Meet Zazie Beetz: AKA Domino from ‘DEADPOOL 2’

The badass babe is talking combat skills and having a right laugh on set.

By Katie Stow
© 2018 Twentieth Century Fox Film Corporation. All Rights Reserved. © 2018 MARVEL

Just in case you needed more reasons to watch DEADPOOL 2 — you know, other than to gawk at the god that is Ryan Reynolds — we might have found the coolest chick in cinema for you to obsess over.

Zazie Beetz, known best for her role as Van in Atlanta, has just hit the big time starring in the action-packed blockbuster, DEADPOOL 2. The sequel focusses on Wade Wilson bringing together a team of mutant rogues to protect a young boy with seriously supernatural abilities from the oh-so-brutal baddie, Cable.

Zazie has been cast as Domino, a strong, sassy, fighter with the unique power of luck — and boy did it look like she had a blast playing this role!

We had a little chat with Zazie to talk all things DEADPOOL, from the insane combat skills she had to master all the way to the hilarity that happened on set.

What did you first make of the big bad world of DEADPOOL?

The world of DEADPOOL is quite free. Nothing is taboo, everything is touched, and everything is made fun of. That offers a lot of freedom on set when we're playing around with each other and figuring out the characters, so it's a super fun one to be a part of. I think for me, out of all of the superhero movies, it's the best one! It's aware of itself and it is super meta and smart and a super fun world to be part of. Also, the X-Men world is just the best with what it represented when it came out in terms of giving a voice to people who don't have voices. DEADPOOL isn't so much about that, but I love being part of this universe.

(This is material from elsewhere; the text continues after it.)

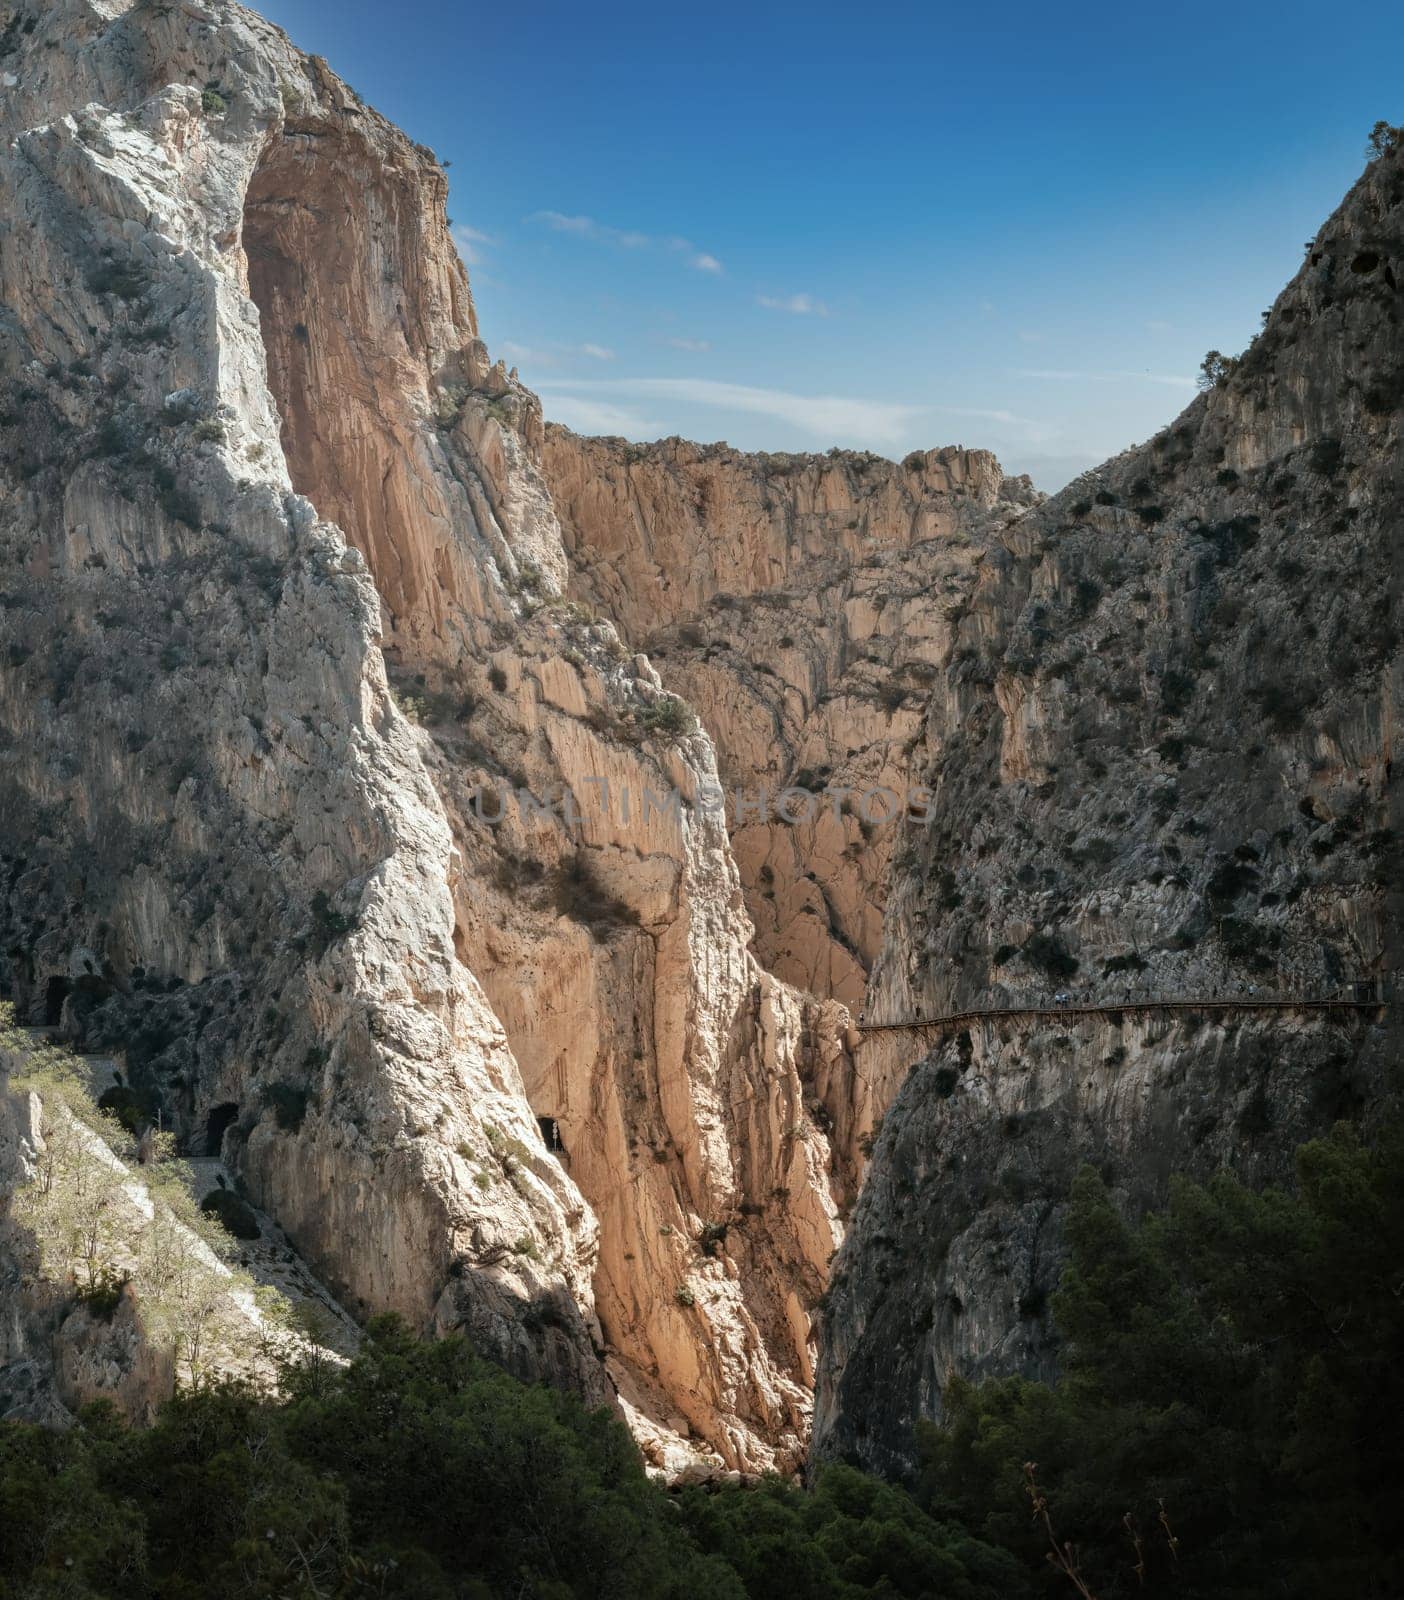 Thrilling Caminito del Rey Pathway with Tourists and Train Track by FerradalFCG

How did you feel about your character, Domino?

I think her power is so interesting. Luck. How do we make that a cinematic power? They took a bunch of choreography and ideas from Buster Keaton films and the slapstick nature of those. Right time, right place. He's walking and slips on the banana peel, but there's this domino effect of all of these other things that happen so that was fun to play with. There's that element of comedy within her power and her role, but she's also serious because her past is very dark, and I think that colors her perception of the world around her as well.


What was the most challenging aspect of all the physical acting and stunts you had to do for DEADPOOL 2?

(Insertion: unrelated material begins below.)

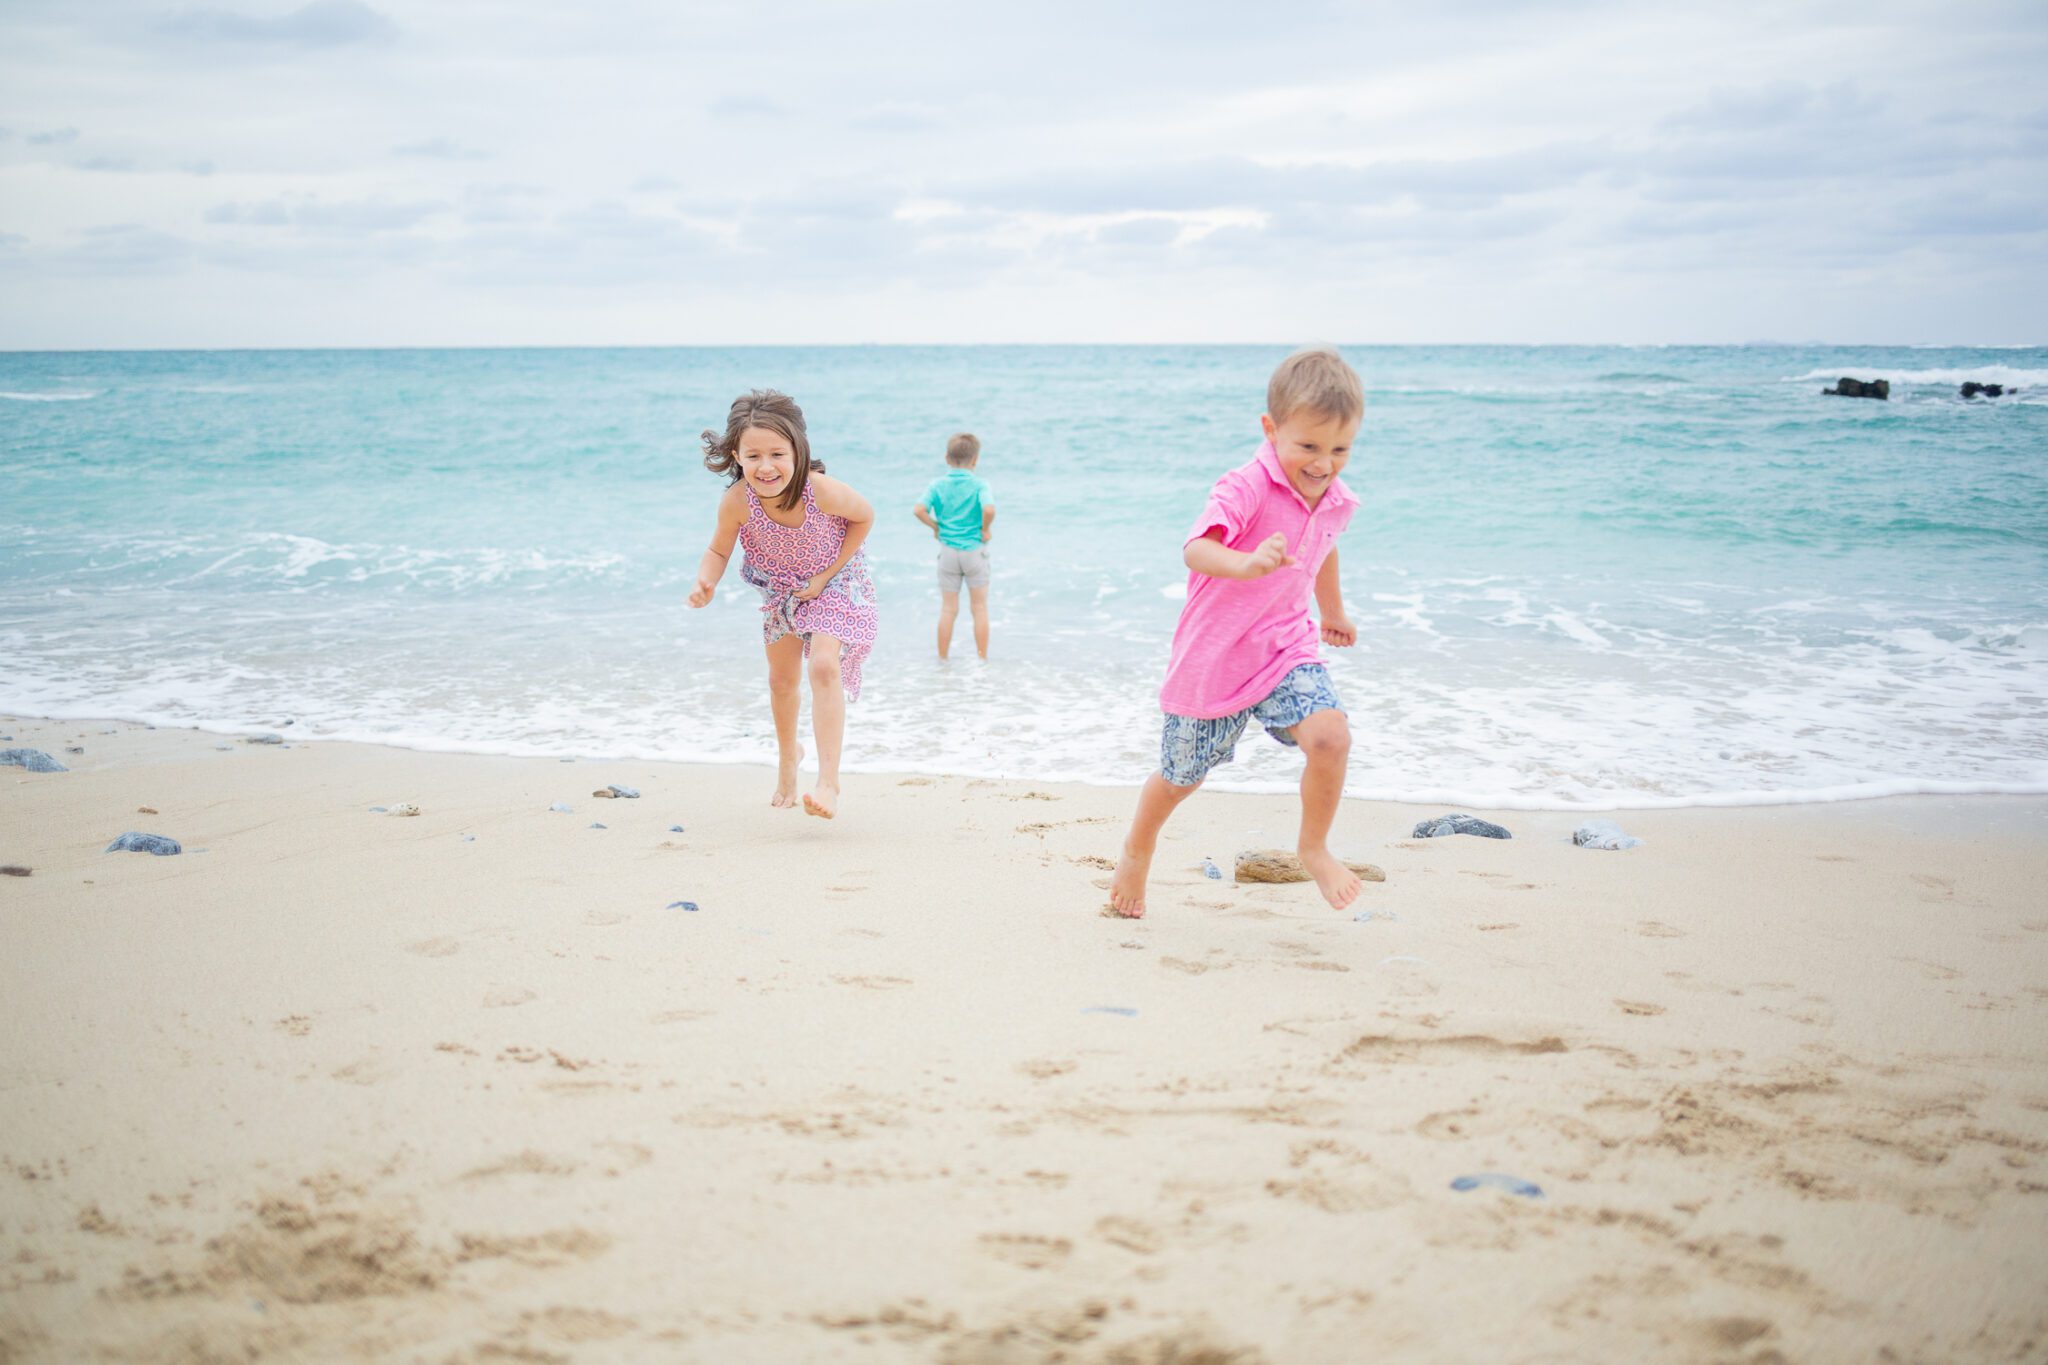 Best beaches in Oahu for families by alison bell, photographer

It's gotten out now that I hate working out! It was awful. My boyfriend is always saying, 'You need to work out or you're going to die later'. I never really built a relationship with it growing up and so it doesn't come naturally to me and it's something I have to force myself to do it. That being said, I was really excited going into this because I was excited to develop a relationship with it and to also learn what my body can and can't do. I wanted to learn what's fun for me and what's not fun for me and I learned that I really like fight training. I think that's because it's full body and it ends up being more of a mental thing because if you're sparing you're reacting, whereas with weightlifting, I just hated it. But it was good for me to realize that I'm not going to be a weightlifting champion, but maybe I could do some jiu-jitsu!

What was it like working with Director David Letch, who is pretty much known as a Master of Action?

That was so wonderful. It was really lovely to be able to trust that the director knew that if you were doing something on set, he could adjust you specifically in terms of the action because he knew how to do that. You could trust that element on set. He makes you look so amazing. We were training really hard for that, but as soon as you add a camera and you add an angle, it completely transforms what it looks like. I was shocked when I'd see playbacks of how amazing I looked, or anyone else looked, fighting. Dave was this wonderful gentle calm spirit to have on set.

What do you reckon audiences will enjoy about watching the film at home?

I think it's a great film to watch with a group of people because it's reacting and laughing together. Laughing alone is great, but laughing with somebody else is better. There's so much great action, so watching it on a big screen is the best experience.

What can we expect from a blooper reel? We can only imagine how much of a giggle it was on set!

It's probably a bunch of fart jokes and a lot of laughing. We had a really great time. Everyone was so happy to be there. Everyone wanted to be there and that's not always the case, so it makes for a great spirit on set.